C.8 XKM Spark Filter

Produce a subset of data by a filter condition.

The following tables describes the options for XKM Spark Filter.

Table C-6 XKM Spark Filter

Option Description

CACHE_DATA

Persist the data with the default storage level.


C.9 XKM Spark Flatten

Un-nest the complex data according to the given options.

The following tables describes the options for XKM Spark Flatten.

Table C-7 XKM Spark Flatten

Option Description

Default Expression

Default expression for null nested table objects. For example, rating_table(obj_rating('-1', 'Unknown')).

This is used to return a row with default values for each null nested table object.

CACHE_DATA

When set to TRUE, persist the results with Spark default storage level.

Default is FALSE.


C.10 XKM Spark Join

Joins more than one input sources based on the join condition.

The following tables describes the options for XKM Spark Join.

Table C-8 XKM Spark Join

Option Description

CACHE_DATA

Persist the data with the default storage level.

NUMBER_OF_TASKS

Task number.


C.11 XKM Spark Lookup

Lookup data for a driving data source.

The following tables describes the options for XKM Spark Lookup.

Table C-9 XKM Spark Join

Option Description

CACHE_DATA

Persist the data with the default storage level.

NUMBER_OF_TASKS

Task number.


C.12 XKM Spark Pivot

Take data in separate rows, aggregates it and converts it into columns.
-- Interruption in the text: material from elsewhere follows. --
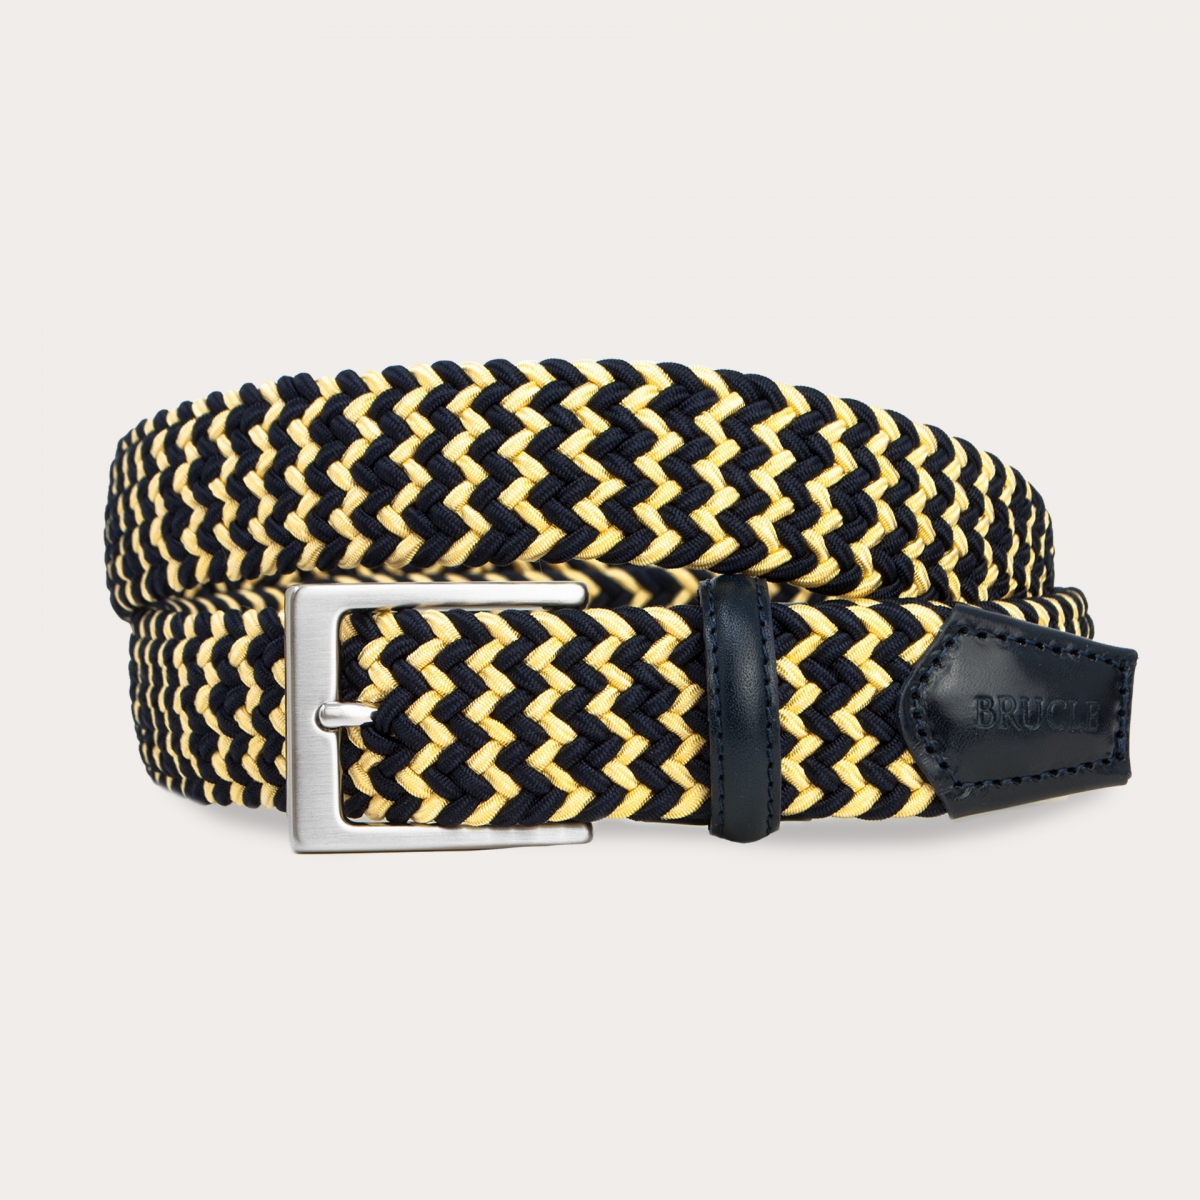 BRUCLE Braided elastic blue and yellow belt

The following tables describes the options for XKM Spark Pivot.

Table C-10 XKM Spark Pivot

Option Description

CACHE_DATA

Persist the data with the default storage level.


C.13 XKM Spark Set

Perform UNION, MINUS or other set operations.

C.14 XKM Spark Sort

Sort data using an expression.

The following tables describes the options for XKM Spark Sort.

Table C-11 XKM Spark Sort

Option Description

CACHE_DATA

Persist the data with the default storage level.

NUMBER_OF_TASKS

Task number.


C.15 XKM Spark Split

Split data into multiple paths with multiple conditions.

The following tables describes the options for XKM Spark Split.
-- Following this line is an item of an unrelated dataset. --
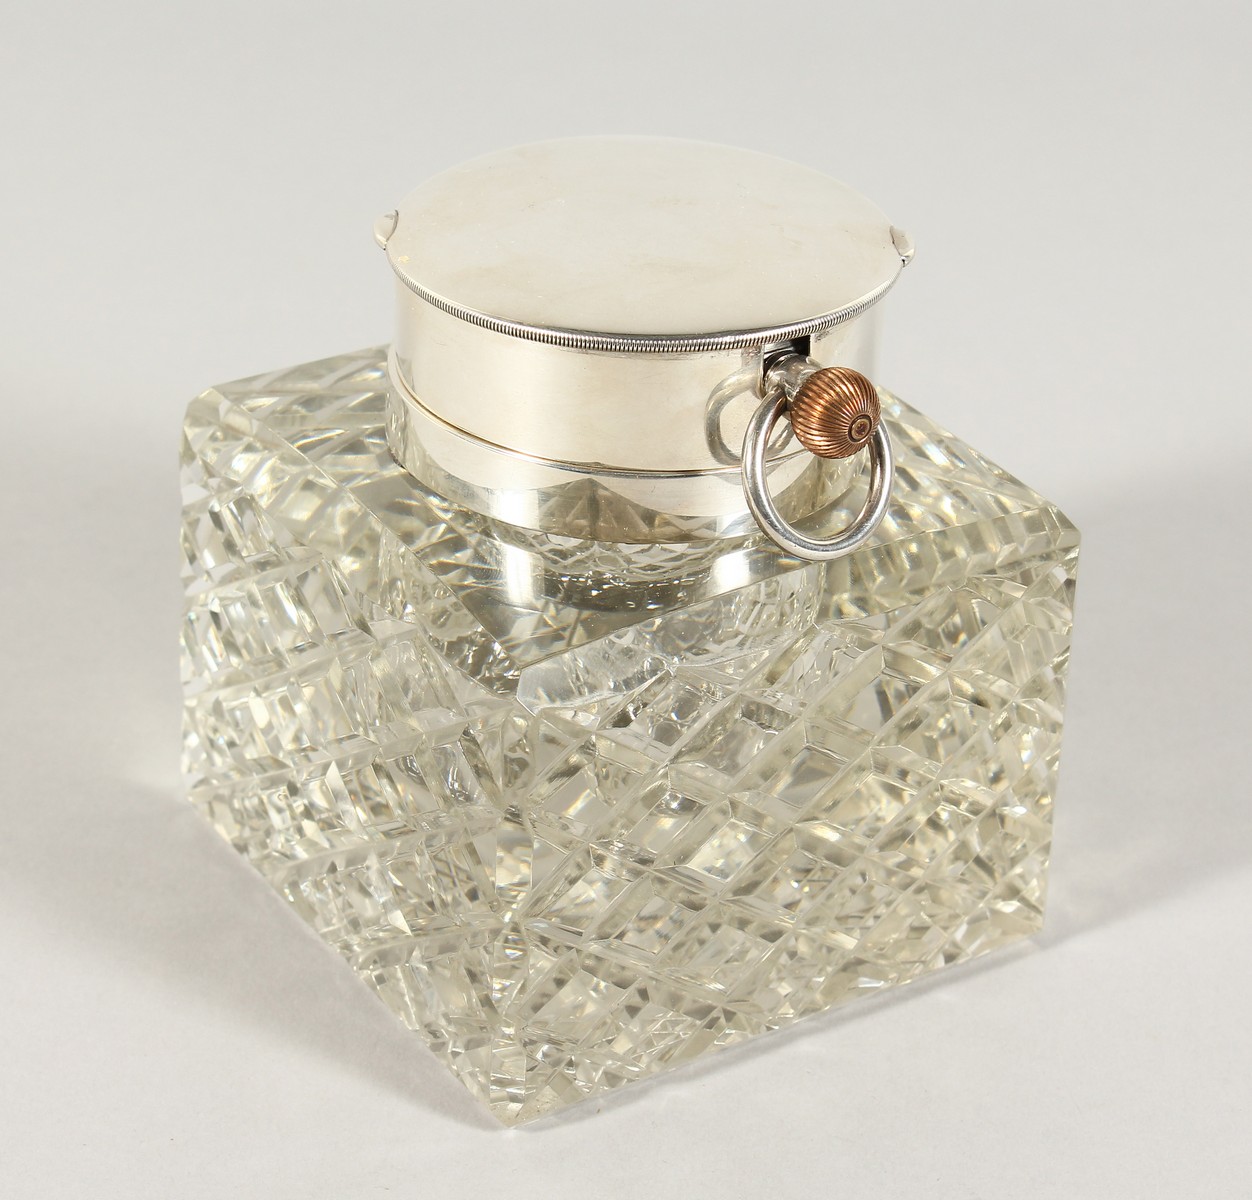 A SILVER AND CUT GLASS SQUARE INKSTAND, the top inset with a watch. 4ins square. London 1903.

Table C-12 XKM Spark Split

Option Description

CACHE_DATA

Persist the data with the default storage level.


C.16 XKM Spark Table Function

Spark table function access.

The following tables describes the options for XKM Spark Table Function.

Table C-13 XKM Spark Table Function

Option Description

SPARK_SCRIPT_FILE

User specifies the path of spark script file.

CACHE_DATA

Persist the data with the default storage level.


C.17 IKM Spark Table Function

Spark table function as target.

The following tables describes the options for IKM Spark Table Function.

Table C-14 IKM Spark Table Function

Option Description

SPARK_SCRIPT_FILE

User specifies the path of spark script file.

CACHE_DATA

Persist the data with the default storage level.


C.18 XKM Spark Unpivot

Transform a single row of attributes into multiple rows in an efficient manner.

The following tables describes the options for XKM Spark Pivot.

Table C-15 XKM Spark Unpivot

Option Description

CACHE_DATA

Persist the data with the default storage level.